[Work to be completed] With pictures left out, output exactly the lines of the listing below from the line that has "80s patagonia パタゴニア" to the line that has "SAH, Aurdal prestekontor, Ministerialbok", both lines kept.

::: Records provided

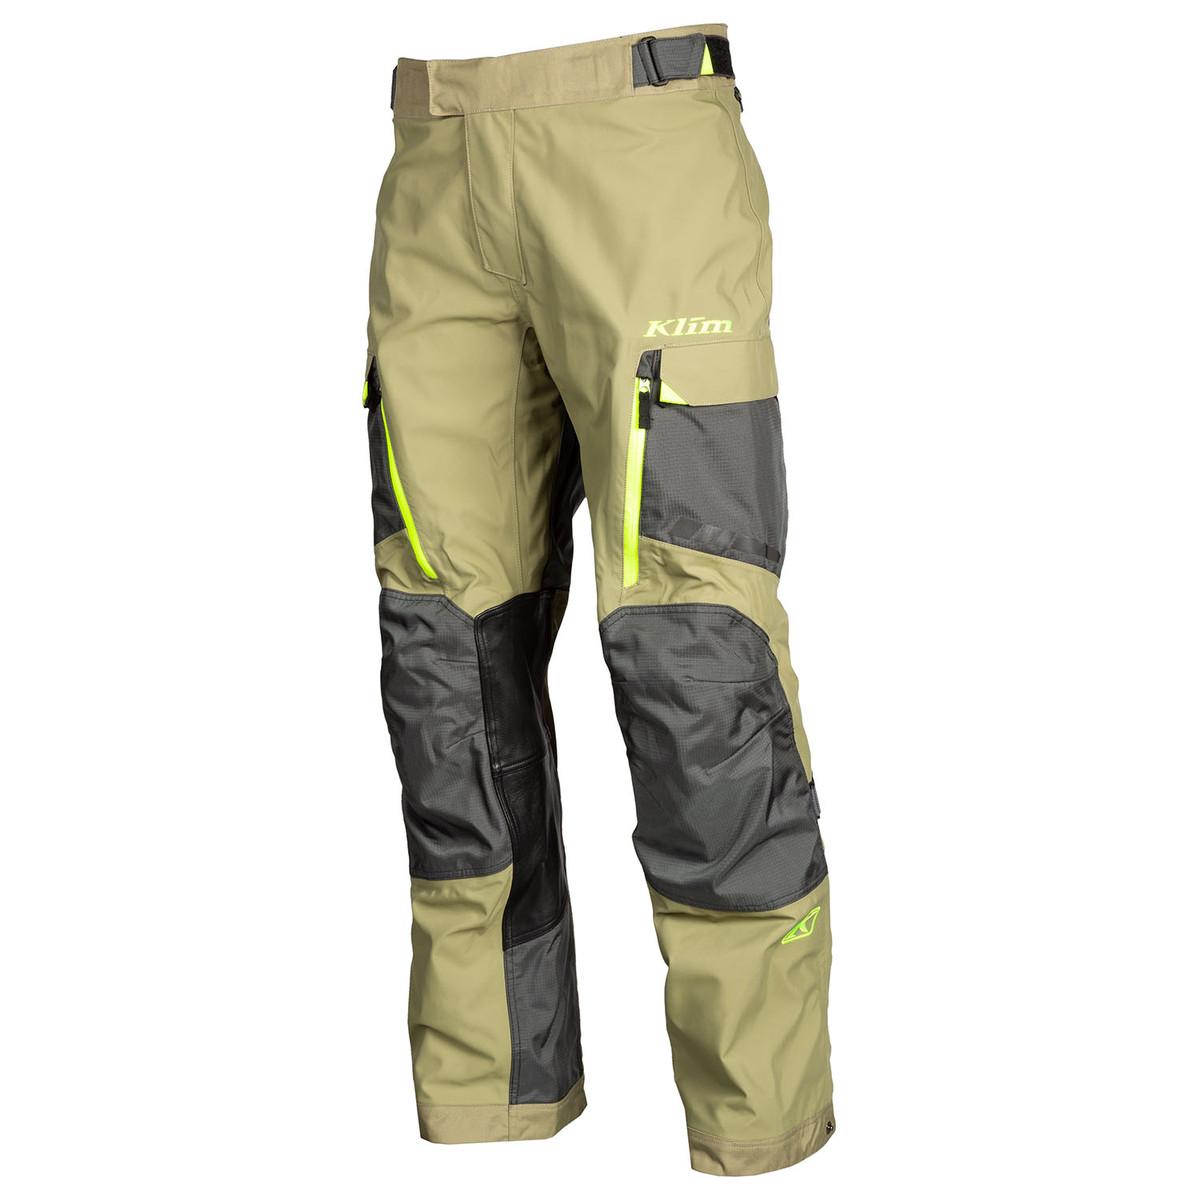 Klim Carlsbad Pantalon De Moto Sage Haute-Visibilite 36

::::::
::: Records provided

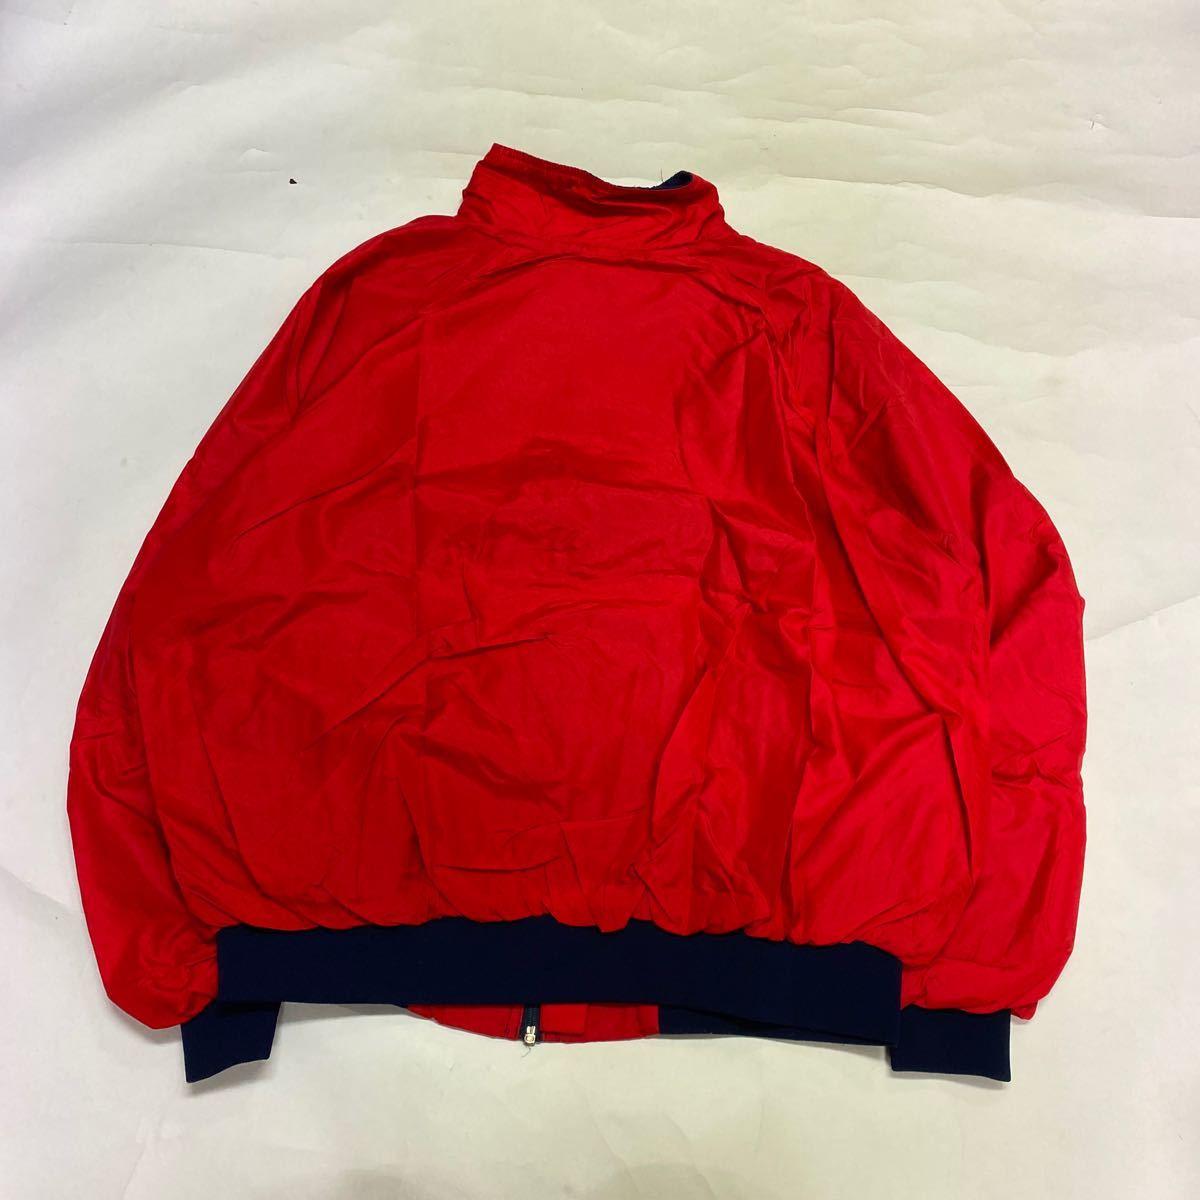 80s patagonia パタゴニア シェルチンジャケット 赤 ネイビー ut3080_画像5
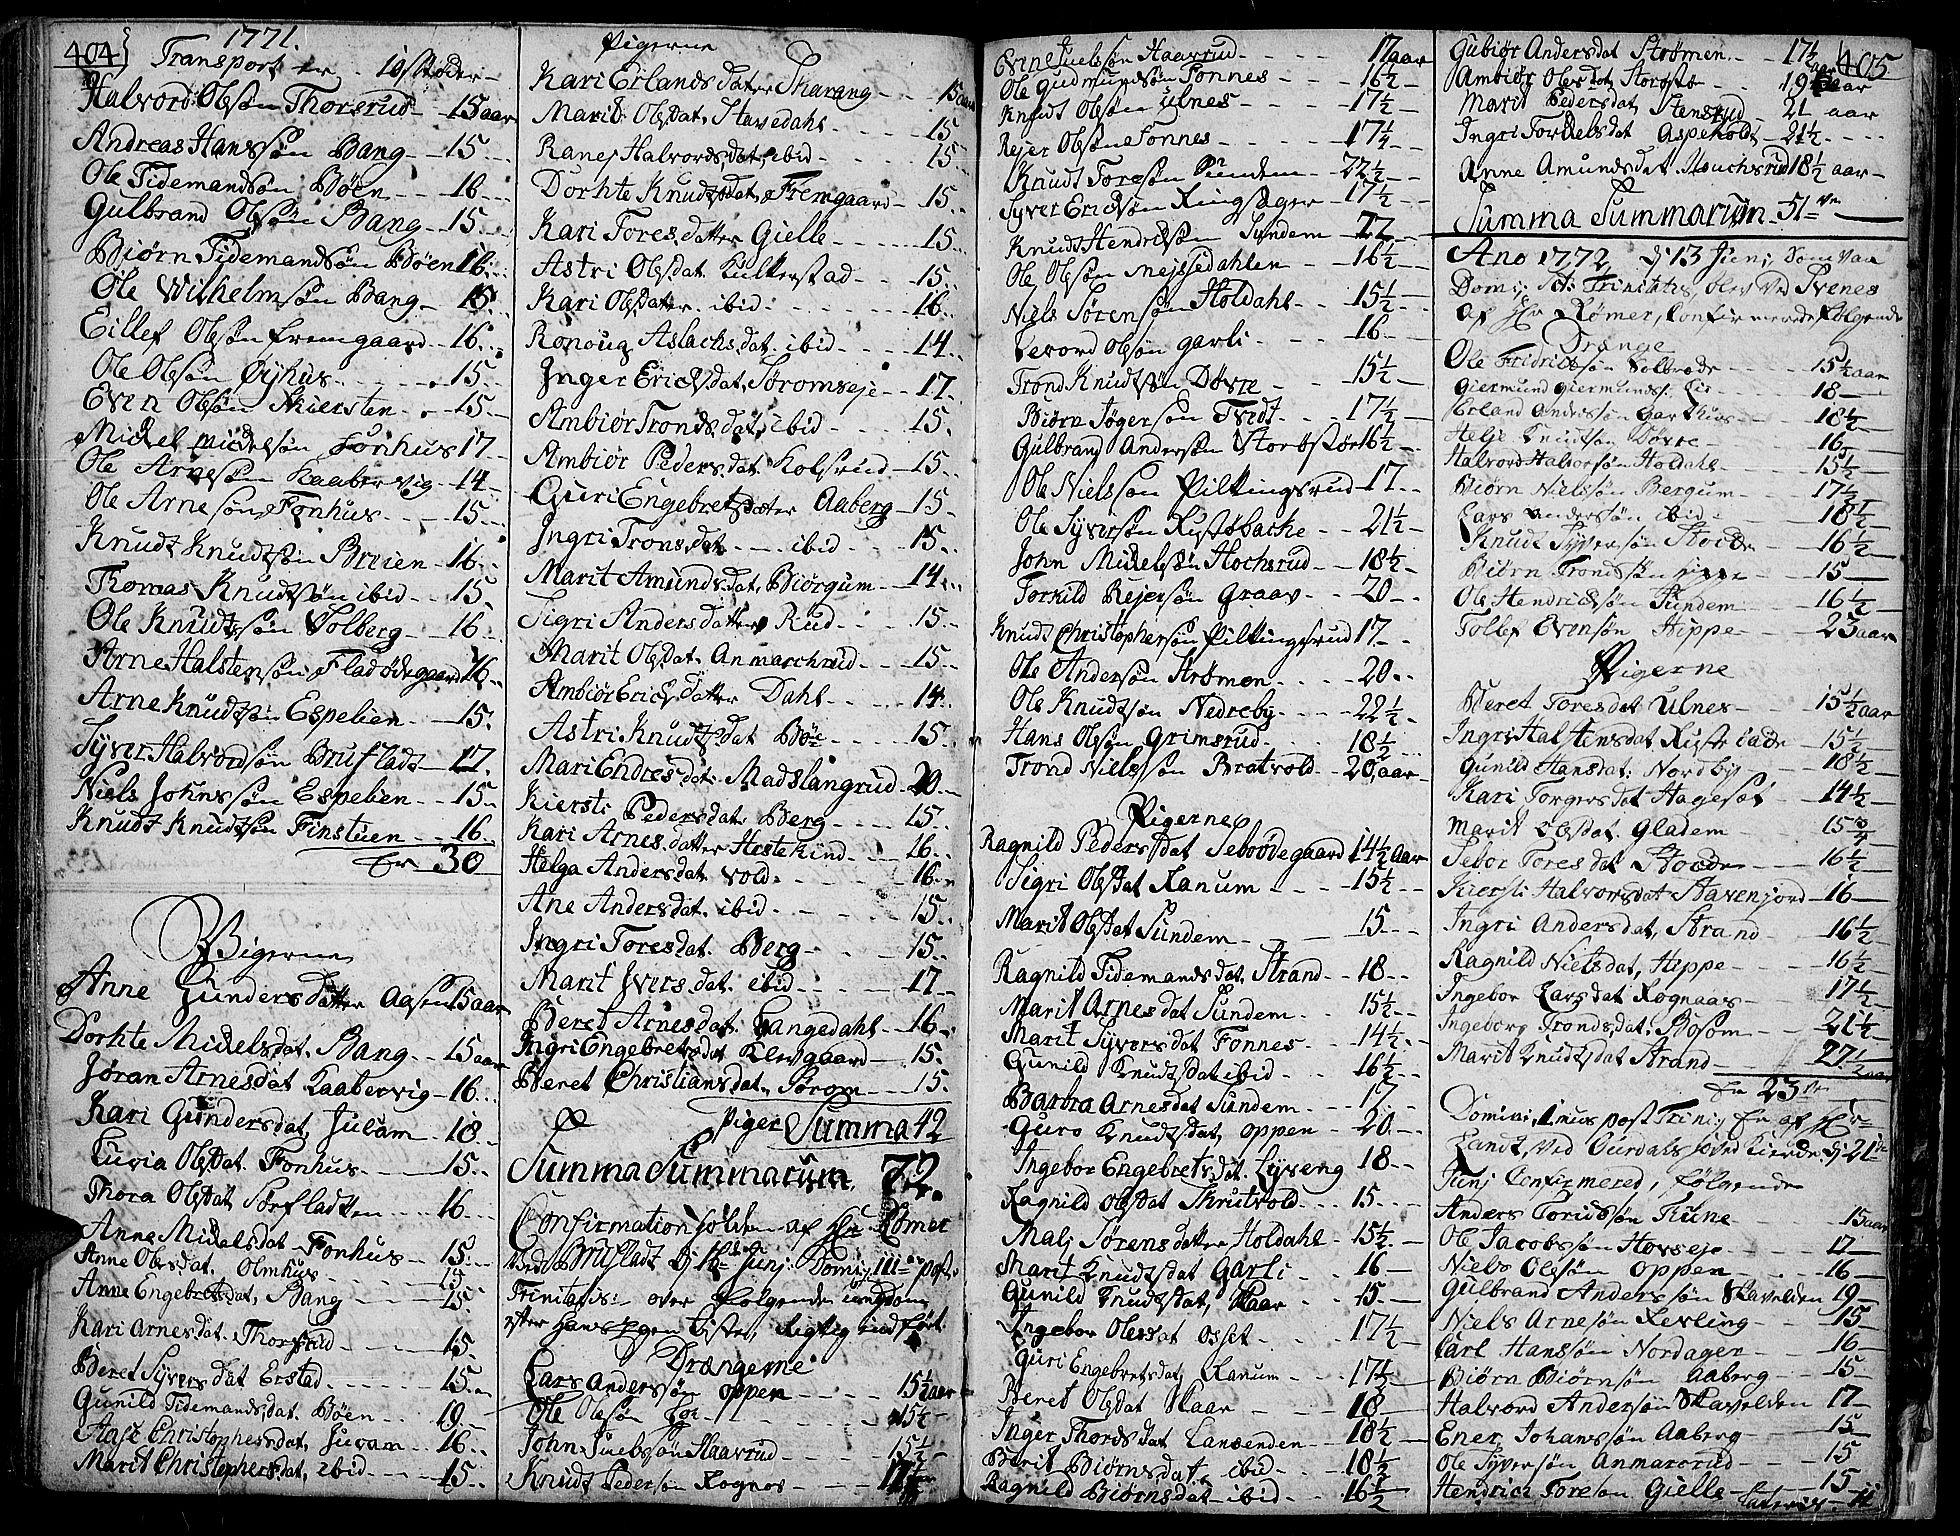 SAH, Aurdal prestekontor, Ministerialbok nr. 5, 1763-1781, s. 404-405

::::::

[Expected answer]
 80s patagonia パタゴニア シェルチンジャケット 赤 ネイビー ut3080_画像5
 SAH, Aurdal prestekontor, Ministerialbok nr. 5, 1763-1781, s. 404-405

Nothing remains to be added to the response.